Search code examples
apache-sparkdataframepysparkapache-spark-sqlwindow-functions

Difference between two integers returns None with PySpark?


I am trying to integrate a "user session" defined by a rolling time window, in my spark data.

I have been using this issue for that : How to aggregate over rolling time window with groups in Spark

The difference with me is I'd like my time window to be about 5 hours, so I can't use datediff that will returns a number of days.

Here is my data set :

[Row(auction_id_64=9999, datetime=datetime.datetime(2016, 12, 5, 3, 42, 17), user_id_64=123),
Row(auction_id_64=8888, datetime=datetime.datetime(2016, 12, 7, 3, 7, 23), user_id_64=123),
Row(auction_id_64=5555, datetime=datetime.datetime(2016, 12, 7, 3, 2, 7), user_id_64=123),
Row(auction_id_64=4444, datetime=datetime.datetime(2016, 12, 7, 3, 41, 49), user_id_64=456),
Row(auction_id_64=3333, datetime=datetime.datetime(2016, 12, 7, 3, 40, 54), user_id_64=456),
Row(auction_id_64=7777, datetime=datetime.datetime(2016, 12, 7, 18, 42, 17), user_id_64=456),
Row(auction_id_64=6666, datetime=datetime.datetime(2016, 12, 7, 3, 7, 23), user_id_64=789),
Row(auction_id_64=2222, datetime=datetime.datetime(2016, 12, 7, 3, 2, 7), user_id_64=789),
Row(auction_id_64=1111, datetime=datetime.datetime(2016, 12, 7, 3, 41, 49), user_id_64=789),
Row(auction_id_64=1212, datetime=datetime.datetime(2016, 12, 9, 3, 40, 54), user_id_64=789)]

All I need is to add a column that will index the session, by user. (For example, auction_id 9999 is session 0, and auction_id 8888 and auction_id 5555 are session 1 (because there are many days between 9999 and 8888 and only a few minutes between 8888 and 5555).
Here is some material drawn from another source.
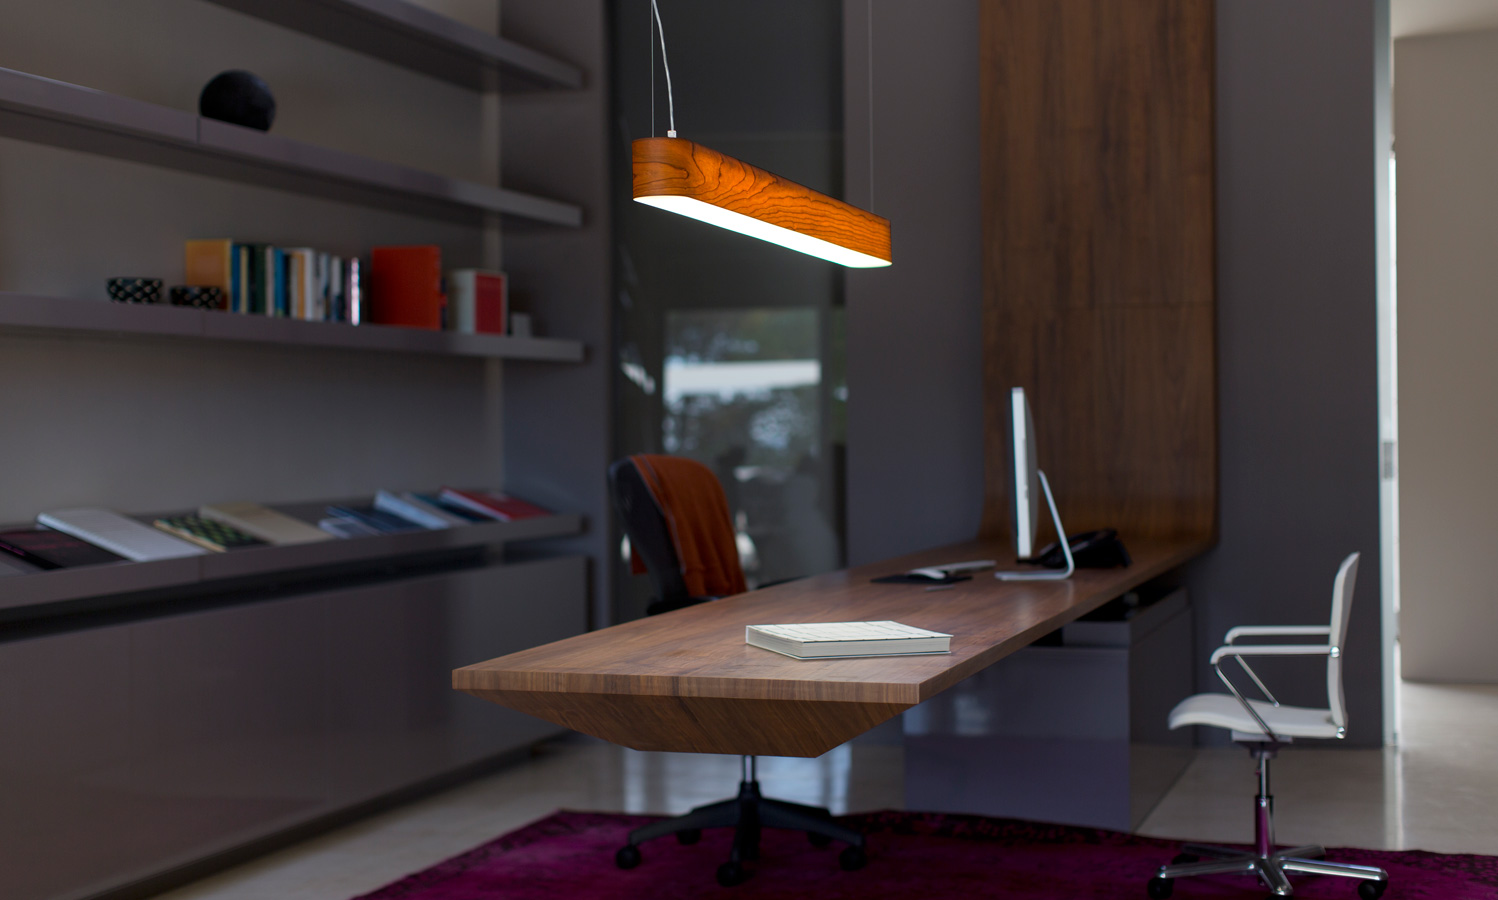 lzf-wood-lamps-iclub-desk1

And we start the indexing at 0 for the next user.

Here is my code :

# Add a timestamp (integer) column
df = df.withColumn('timestamp', unix_timestamp(df['datetime']).cast('integer'))

# We partition by user and order by timestamp
w = Window.partitionBy("user_id_64").orderBy("timestamp")

# we compute the absolute difference between timestamp and timestamp from the previous line. If no result, 0 is returned. 
diff = coalesce(abs("timestamp" - lag("timestamp", 1).over(w)), lit(0))

# If difference higher than 5 hours
indicator = (diff > 5 * 60 * 60).cast("integer")

# We increment for each indicator = 1
subgroup = sum(test).over(w).alias("session_index")

# We get everything
df = df.select("*", subgroup)

At the end, the session_index is 0 for everyone. The issue comes from the line diff = coalesce(abs("timestamp" - lag("timestamp", 1).over(w)), lit(0)). Here, it is lit(0) that is returned each time (I checked by changing the 0 value). So I try simplifying my script by changing a few lines :

test = "timestamp" - lag("timestamp", 1).over(w)
subgroup = sum(test).over(w).alias("session_index")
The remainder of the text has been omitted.